The k-means clustering algorithm [47] is applied, and the top k sentences nearest to the cluster center are chosen for initial human annotation. We use the elbow method [48] to find the number of clusters (which represents the number of distinct topics in the corpus).

Medical experts annotate selected sentences.

The algorithm reranks all sentences based on the distribution of labels within clusters.

Medical experts annotate sentences from the top of the ranking, triggering another reranking procedure.

The general idea behind reranking is presented in Figure 3.

Figure 3

Sentence reranking: general idea.

Step 4 is crucial to the method. First, we find clusters with a large proportion of labeled noncredible statements. During initial iterations of the method, only a small fraction of sentences are manually labeled, but the clustering step groups semantically similar sentences; therefore, we expect that many sentences belonging to a cluster with predominantly noncredible labels also would turn out to be noncredible. In step 5, more sentences are manually labeled, providing a better approximation of the true distribution of labels within clusters. By repeating steps 4 and 5, we annotate more and more sentences, prioritizing the annotation of noncredible sentences.

For sentence embeddings computations, we use the sBERT modification Robustly Optimized BERT Pretraining Approach where embeddings are calculated based on the same model as BERT but with slightly different training objectives and hyperparameters [49]. We also use a simple preprocessing technique where we subtract the mean and exclude the first principal component from each embedding vector [50,51] (principal component analysis transformation). The assumption behind this step is that the first principal component encodes syntactic rules of the grammar of the sentences without contributing to their semantics. The removal of the first component strips sentence vectors of grammar and leaves only the part of the vector where the meaning is encoded.

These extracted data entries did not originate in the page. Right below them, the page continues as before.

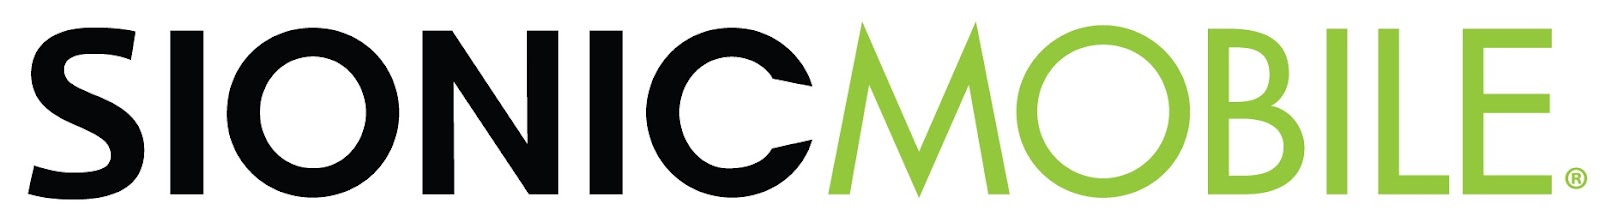 Sionic Mobile Logo_Black and Green - RGB (002).jpg
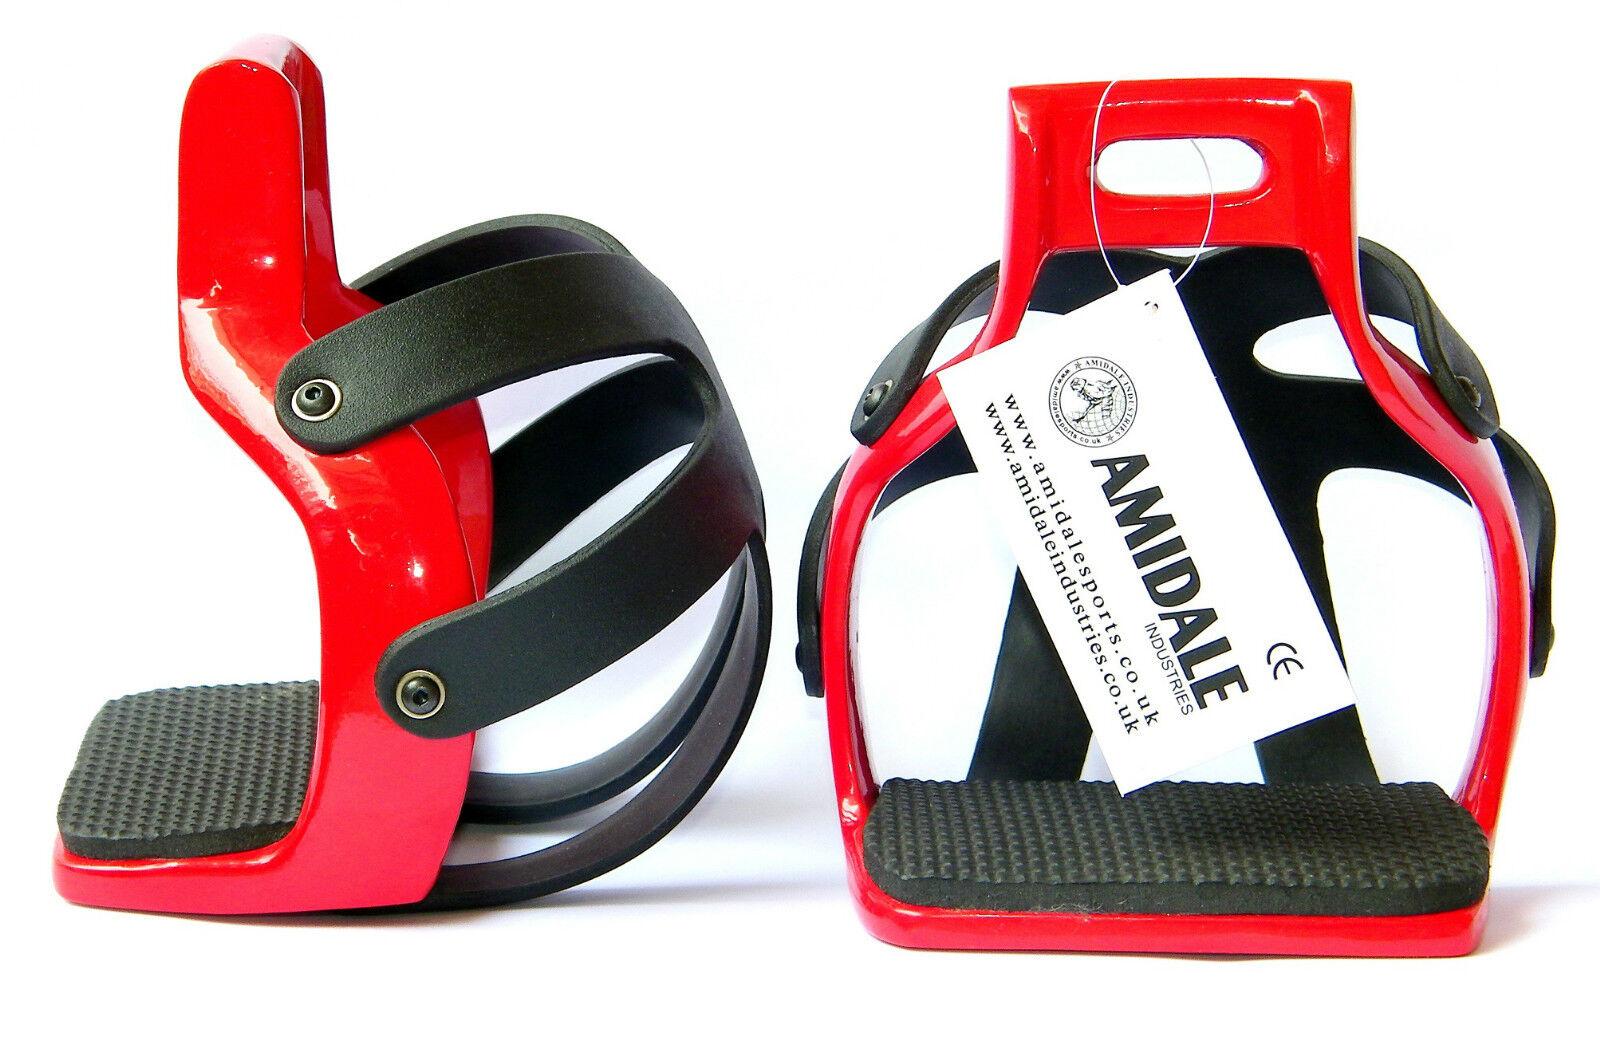 AMIDALE ALUMINIUM ENDURANCE FLEX RIDE CAGED SAFETY HORSE STIRRUPS RED COLOR
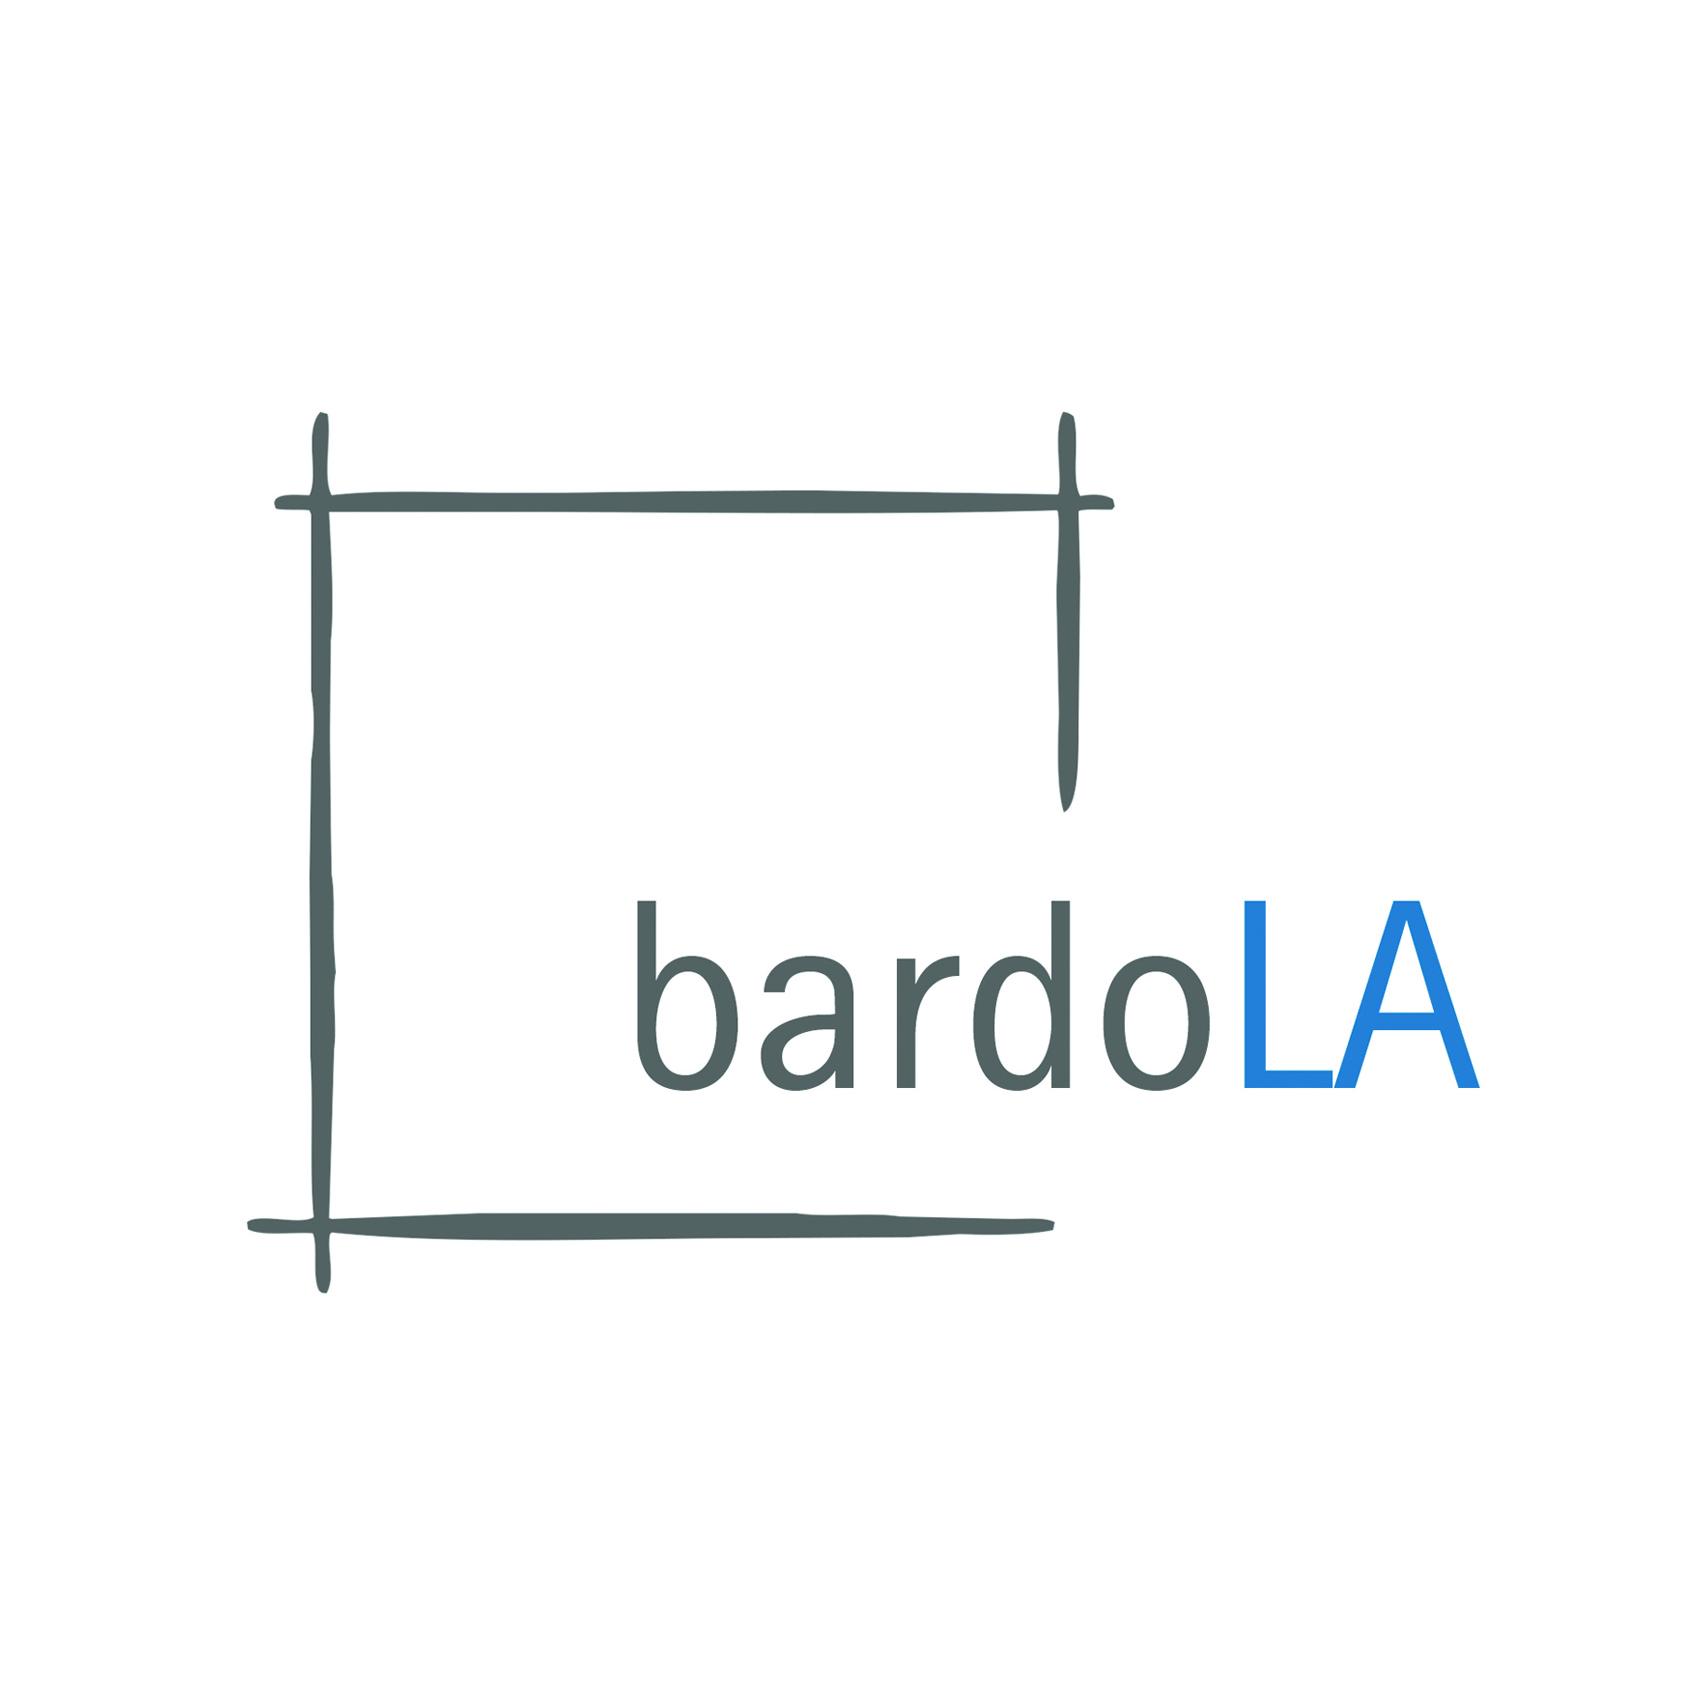 bardoLA_logo2018_brs.jpg
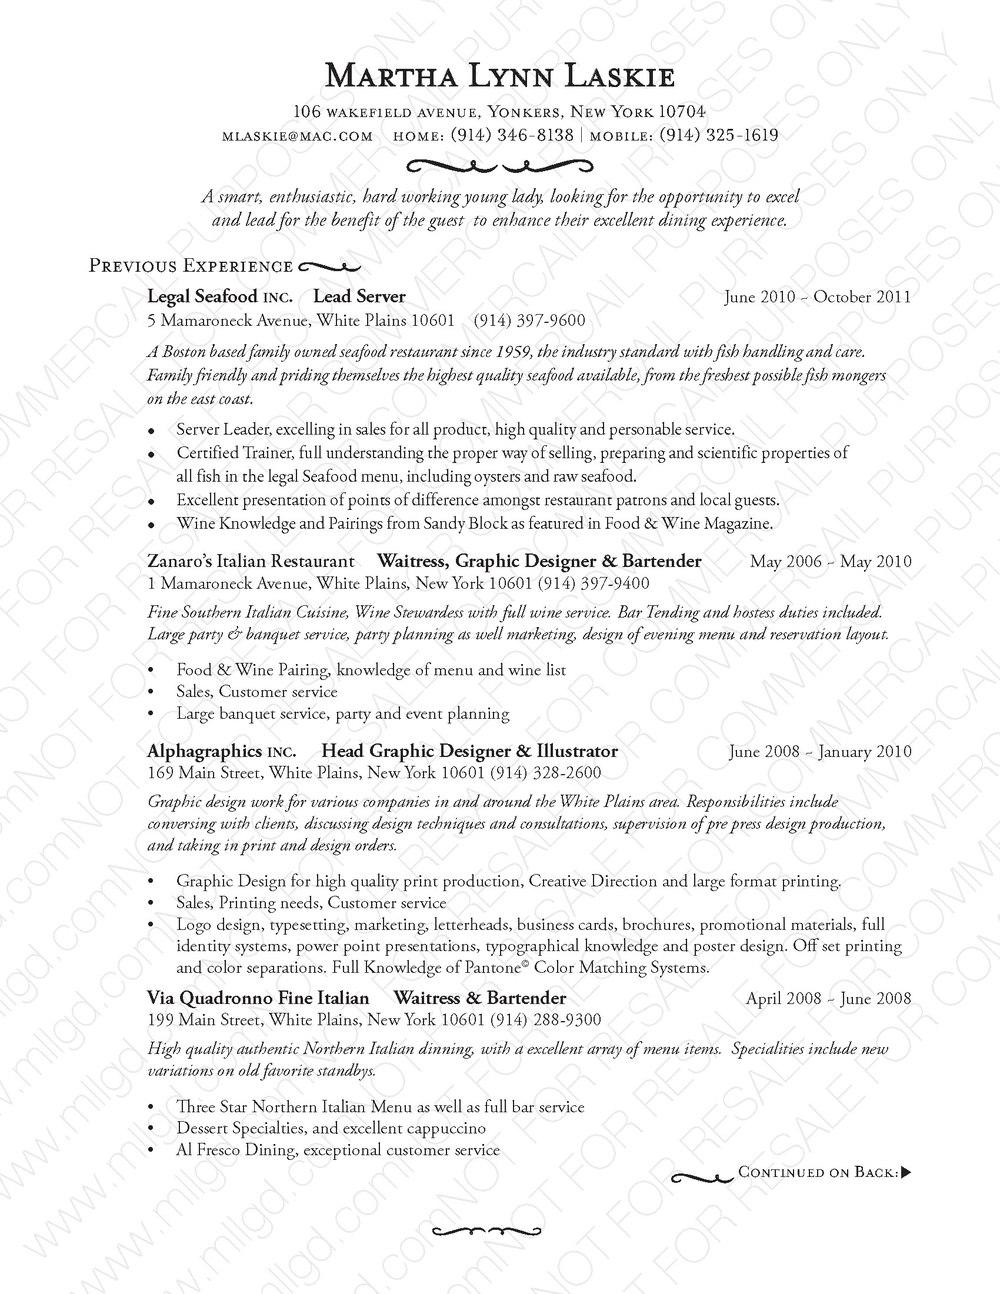 MLL_Resume_Design_2014_Page_55.jpg

Figure 4 presents the overview of the sentence processing pipeline.

Figure 4

Processing pipeline. PCA: principal component analysis; RoBERTa: Robustly Optimized Bidirectional Encoder Representations from Transformers Pretraining Approach.

The key component of the pipeline is the clustering and reranking strategy. For reranking, we perform 2-level sorting. The first sorting is applied to clusters, and the second sorting reorders sentences within clusters. We rank clusters based on the proportions of credible, noncredible, and neutral labels in the top m most central sentences. Our scoring formula penalizes clusters with a significant proportion of credible sentences. At the same time, it rewards clusters with a significant proportion of noncredible sentences. This strategy enables us to push most of the noncredible sentences to the top of the ranking, thus positioning them at the top of the queue for medical expert evaluation.

Let p(c), p(n), and p(u) denote the probability that a random sentence is credible, noncredible, or neutral, respectively. This probability is computed by manually annotating m most central sentences in the cluster. The cluster score is defined as follows:

score@k = 1/e^{–(p[n]–p[c])} + 1/w^p(u)+1 (1)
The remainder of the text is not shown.